Nice eases cancer drug rationing
Terminal patients can have treatment to prolong lives
People with some types of terminal cancer are to be given access to previously rationed treatments that could prolong their lives, the NHS drugs watchdog has announced.
Professor Sir Michael Rawlins, chairman of the National Institute for Clinical Excellence, said new guidelines to be published next week would extend the range of cancer treatments available on the NHS. Nice has come under fire for refusing to allow some cancer treatments – which can extend the lives of sufferers for weeks or months – on the grounds that they are not cost-effective.
Sir Michael said that Nice had been consulting on proposals which recognised the importance people attached to the extra time such drugs could give them. "We appreciate these extra weeks and months can be very special," he told BBC Radio 4's Today programme. "We are proposing to provide our advisory bodies with supplementary advice in these sort of circumstances which will have the effect of extending the threshold range of what we would normally regard as being cost-effective."

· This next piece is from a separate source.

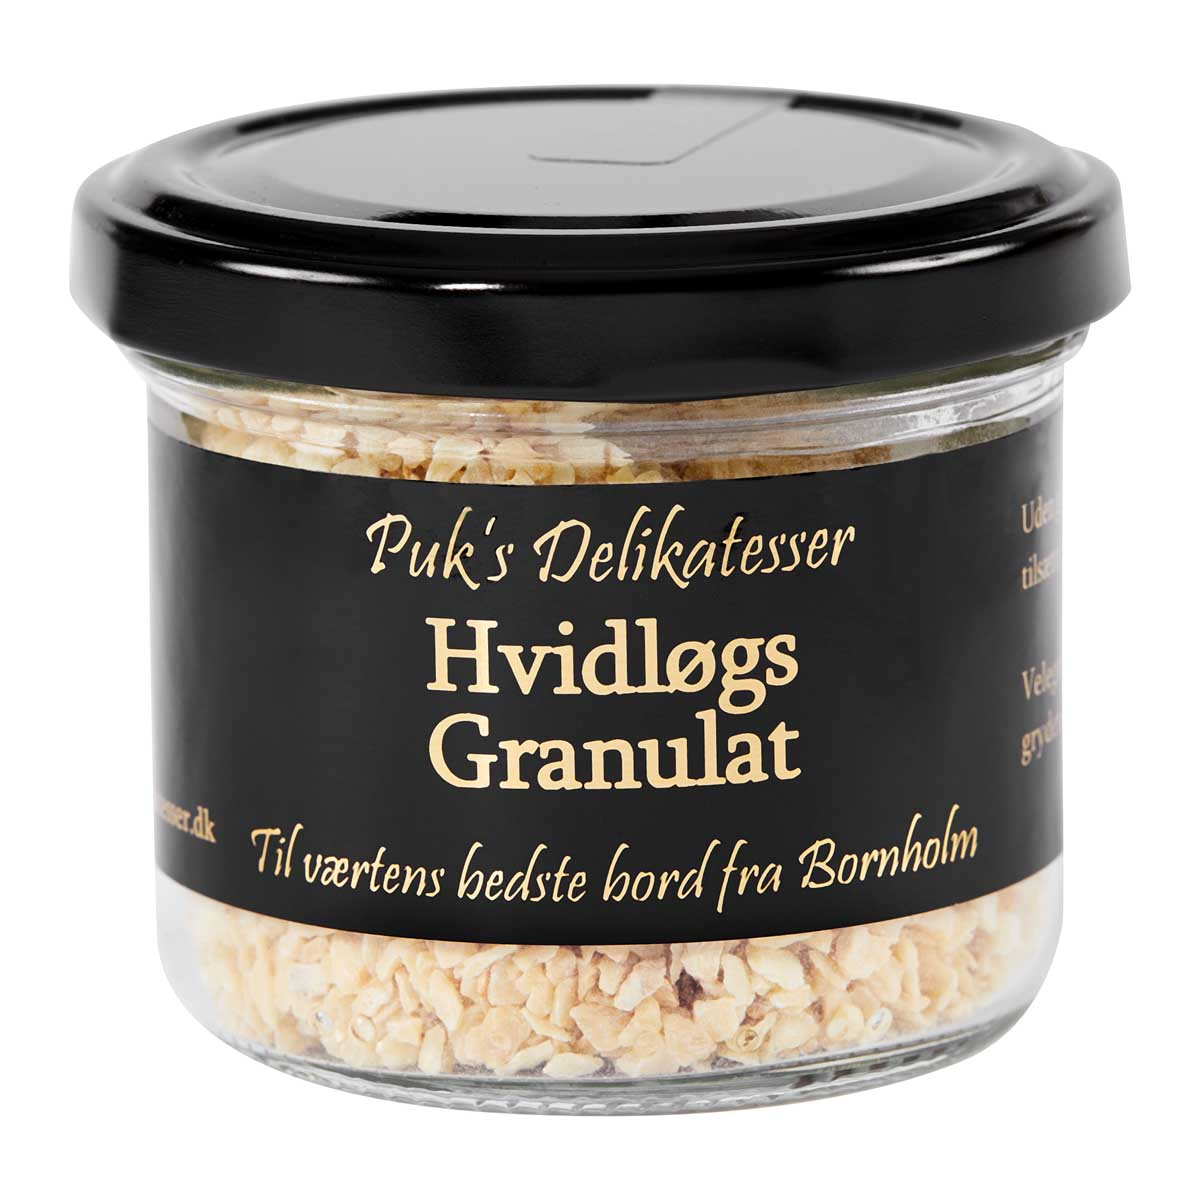 Hvidløgs Granulat
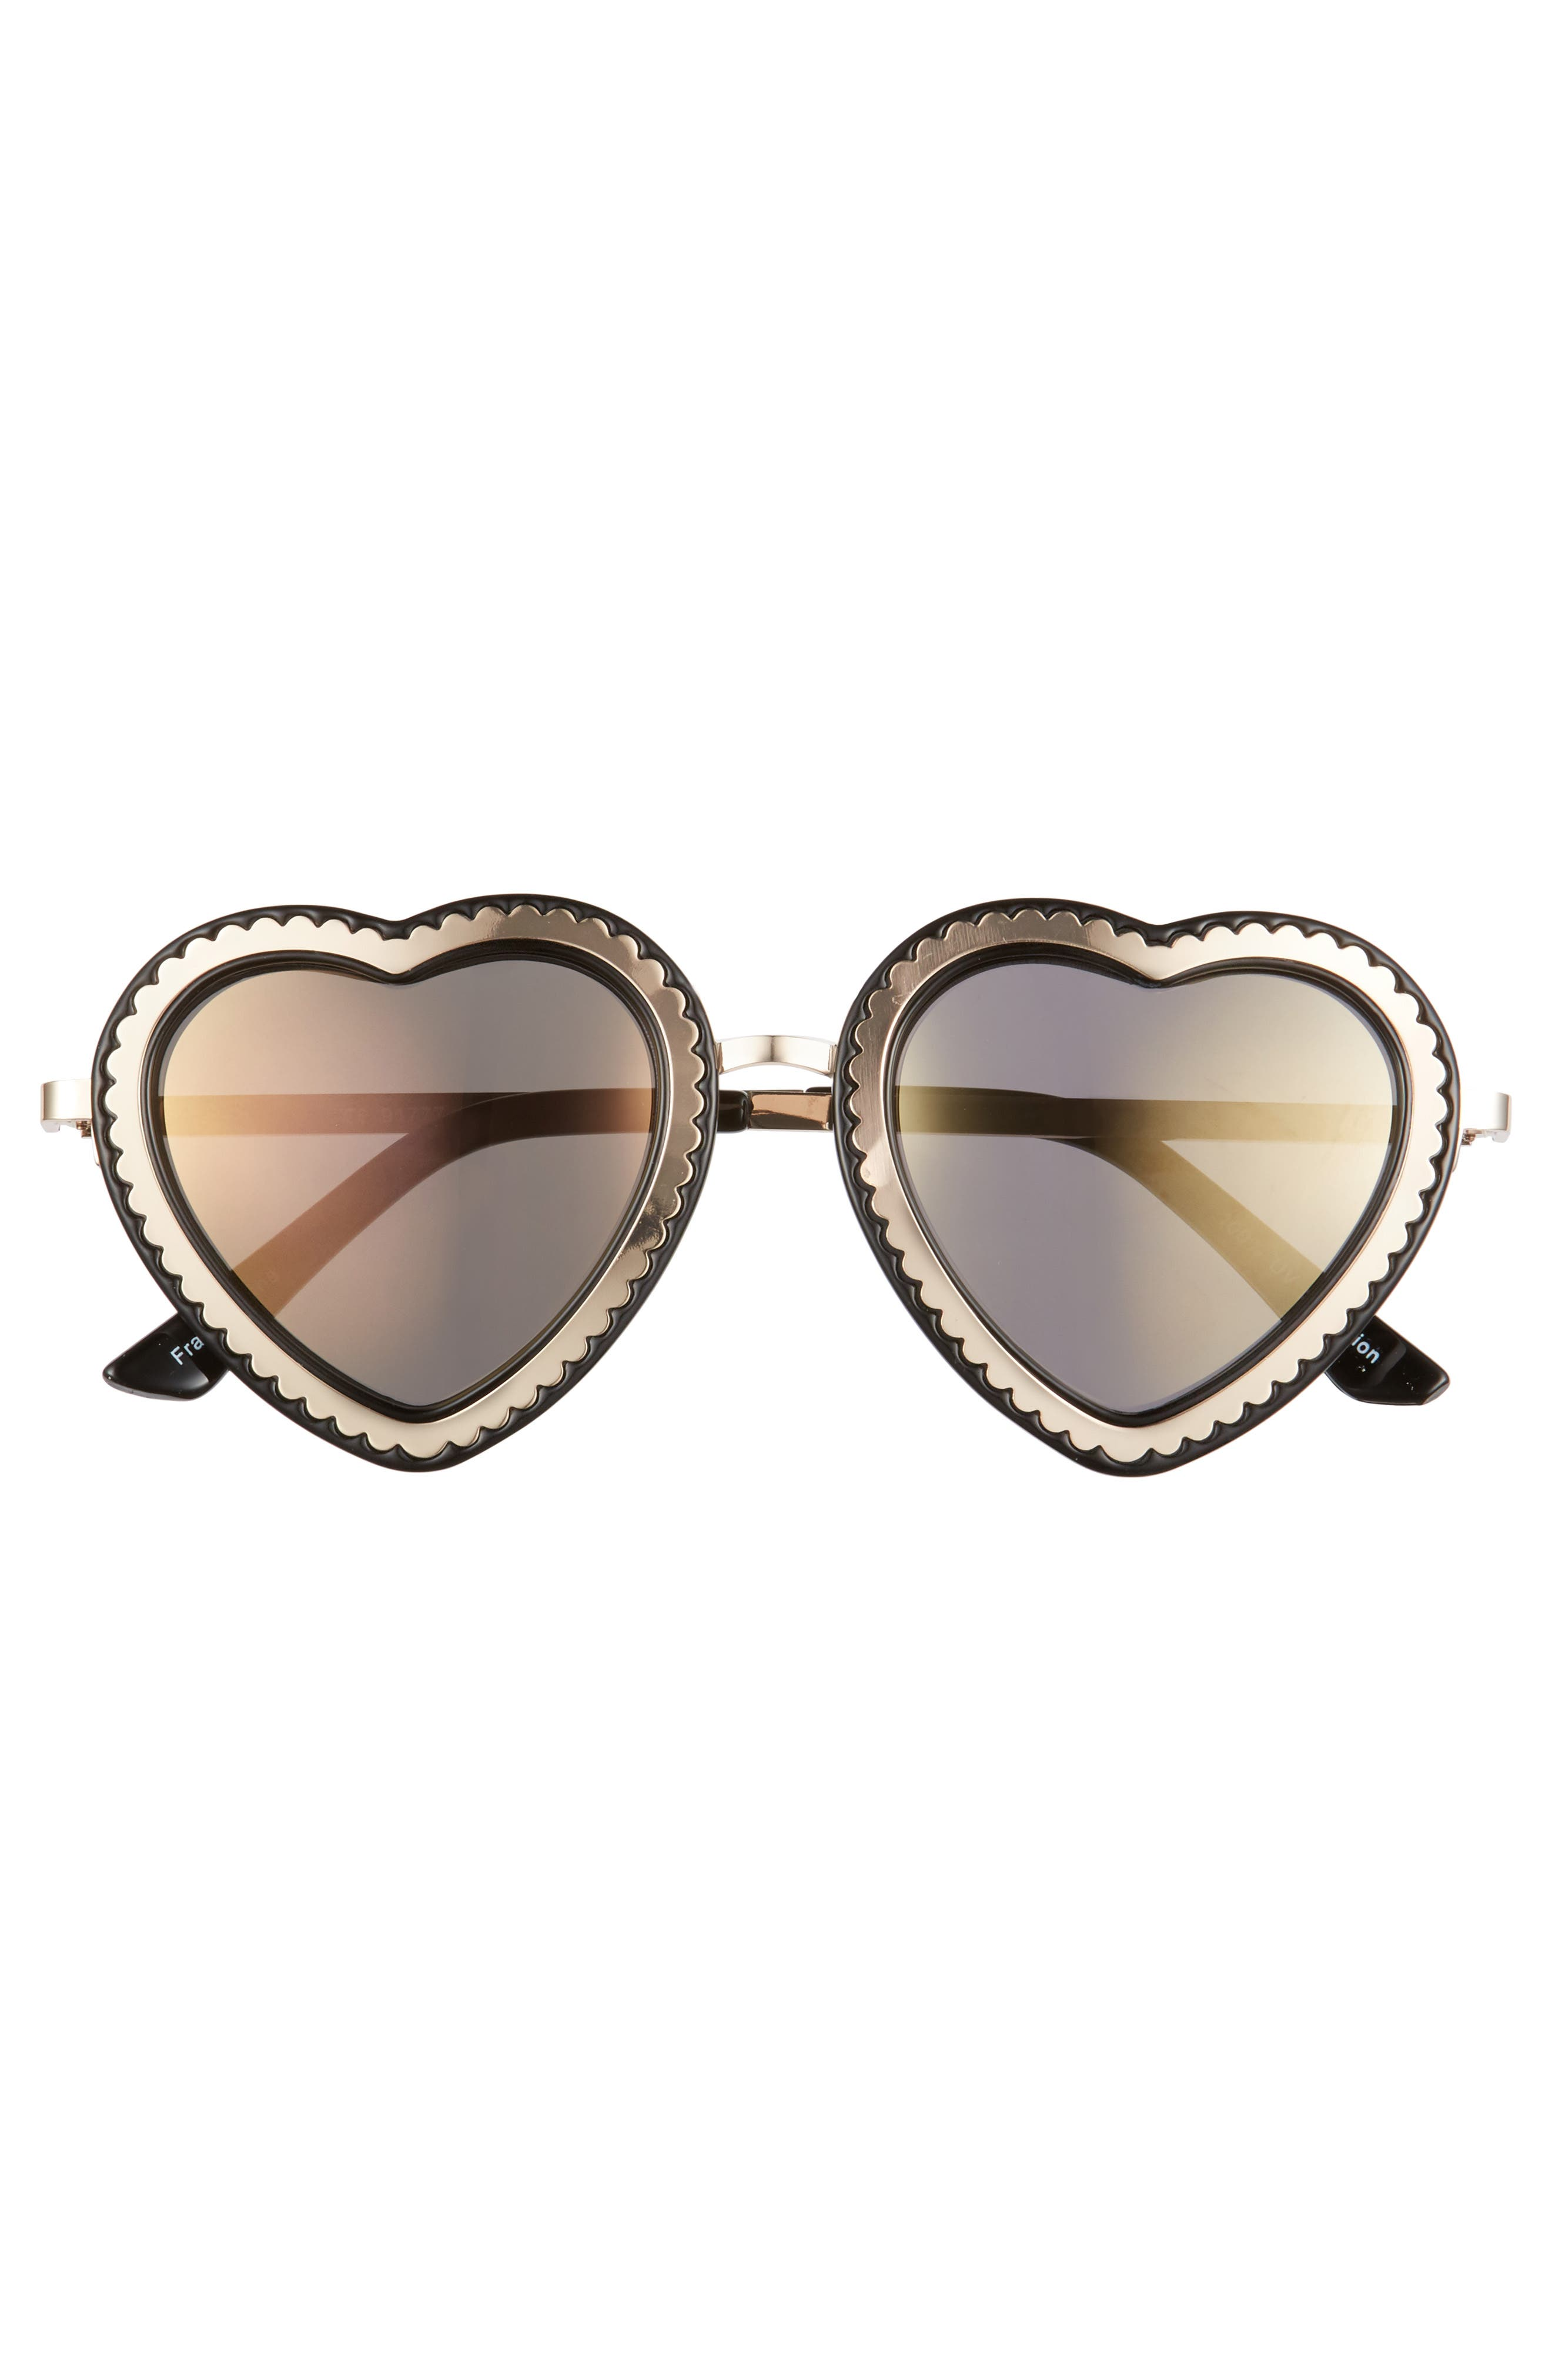 61mm Mirrored Heart Sunglasses,                             Alternate thumbnail 3, color,                             Gold/ Black

He said that the new guidance, which will be issued on 2 January with immediate effect, would concentrate on treatments for less common cancers. Sir Michael warned that some drugs would remain unaffordable. "We are not proposing to extend this to all conditions. Frankly, it would cost the health service hundreds of millions of pounds if we were to do that," he said.
Sir Michael also said that the agency was working to speed up the process by which drugs will be assessed for use within the NHS.